Surface-level ozone (O₃) has negative health consequences that may be further magnified when it reaches its highest levels. The elderly and those with complicating health conditions, such as asthma, may be even more vulnerable to the impacts of surface-level O₃. O₃ is formed via a chemical reaction between NO_x and volatile organic compounds (VOCs) in the presence of sunlight. Therefore, emissions play a role in characterizing O₃ levels on the surface. However, it is not uncommon for 2 days with identical NO_x and VOCs emissions to have drastically different surface-level O₃ amounts. It is well established that local and regional meteorological conditions account for a large portion of this discrepancy (Jacob and Winner, 2009; Tai et al., 2010; Liu and Cui, 2014; Porter et al., 2015). Broadly speaking, these works conclude that meteorological variables such as surface-level air temperature, circulation, and stagnation are related to surface-level air pollution; however, there are often several approaches for characterizing these meteorological conditions.

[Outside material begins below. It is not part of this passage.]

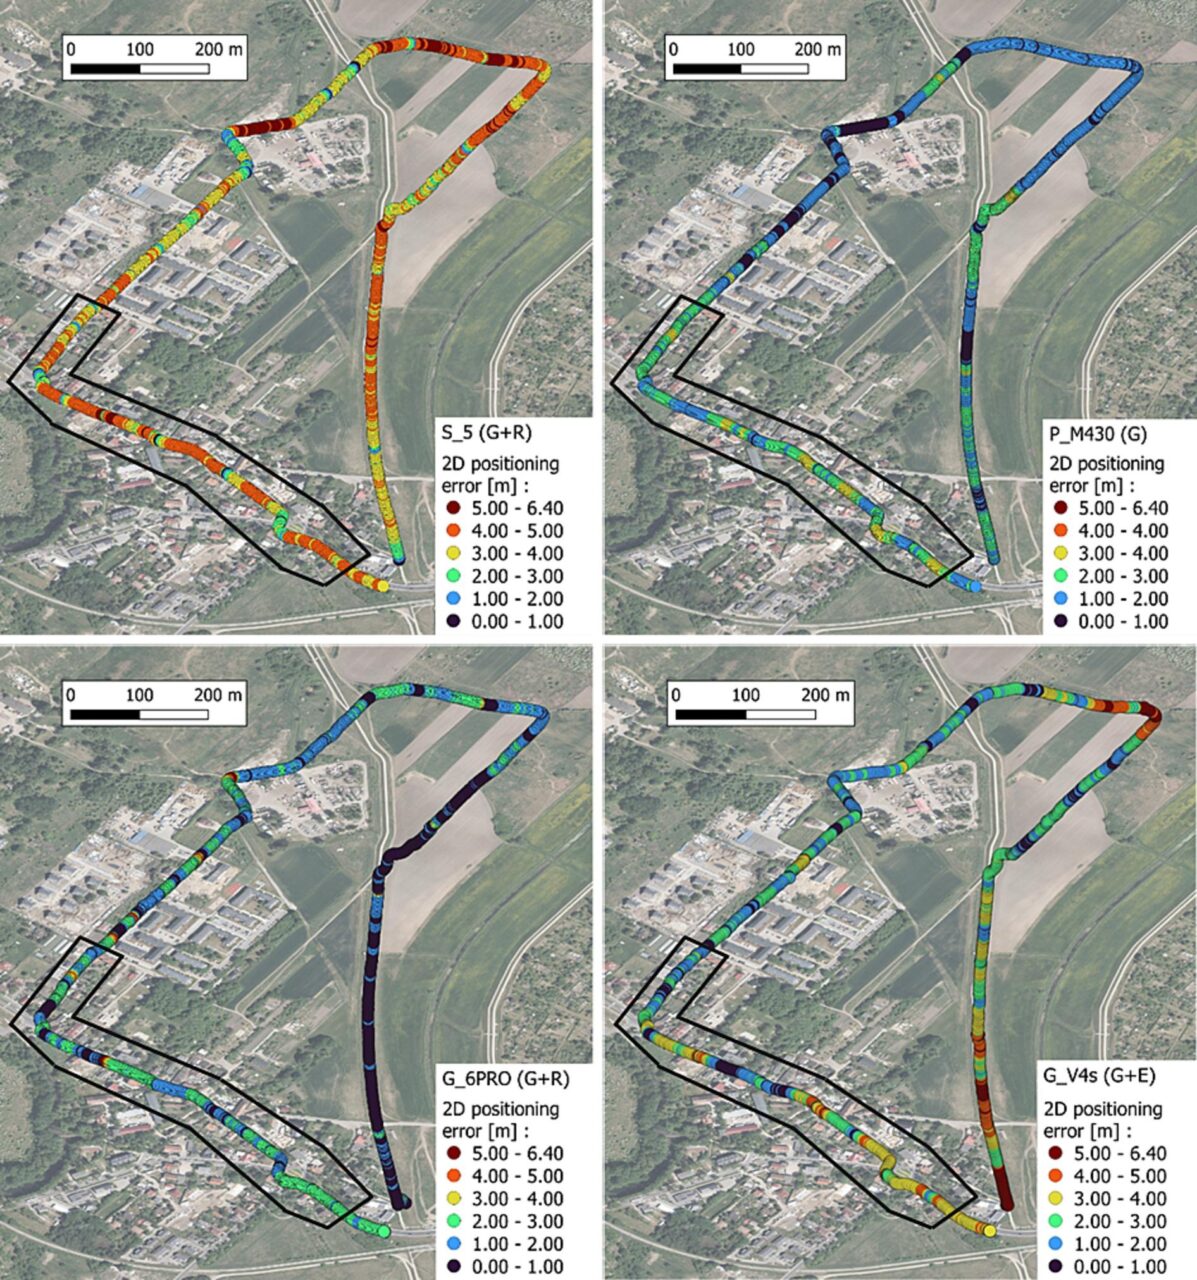 Cztery obrazy satelitarne reprezentujące błąd pozycjonowania 2D różnych systemów nawigacji na identycznym obszarze, z kolorowymi oznaczeniami wskazującymi zakres błędu od 0,00 do 6,40 metrów.

One way to capture these types of meteorological conditions is by considering atmospheric profile variables (APVs). An APV is considered to be a function mapping the altitude above a location on Earth’s surface to a scalar measurement. The vertical temperature profile (VTP), which reports the temperature of the air at increasing altitude is an important APV in climate sciences. Modeling surface-level air pollution as a function of APVs has been considered previously (Du et al., 2013; Rendón et al., 2014 Wolf et al., 2014; Russell et al., 2017; Russell and Porter, 2021), but has received much less attention in the literature in comparison to approaches that consider surface-level (scalar) covariates exclusively. In this work, we investigate the association between the VTP and high levels of surface-level O₃ through the use of methods developed within the framework of functional data analysis (FDA). In FDA, some or all observations are taken to be functions, as opposed to scalars and/or vectors. To this end, in this work, we consider the VTP to be a functional covariate.

Modeling a scalar response variable as a function of a functional covariate is often done via the use of the functional linear model Horváth and Kokoszka (2012). As in a standard linear regression model, a functional linear model (with a scalar response) estimates the conditional mean response given the functional covariate. If one is interested in higher quantiles of the response distribution, a functional quantile regression model may be of use. Along these lines, Russell and Dyer (2017) suggest a penalized functional quantile regression model to investigate the impact of APVs on surface-level air pollution at locations in South Carolina and Florida. These authors conclude that surface-level air pollution is related to APVs at different pressure levels, and that these associations differ by location and season. As acute levels of surface-level O₃ may have a disproportionately higher impact on human health outcomes, we focus on modeling higher conditional quantiles of the O₃ response in this work.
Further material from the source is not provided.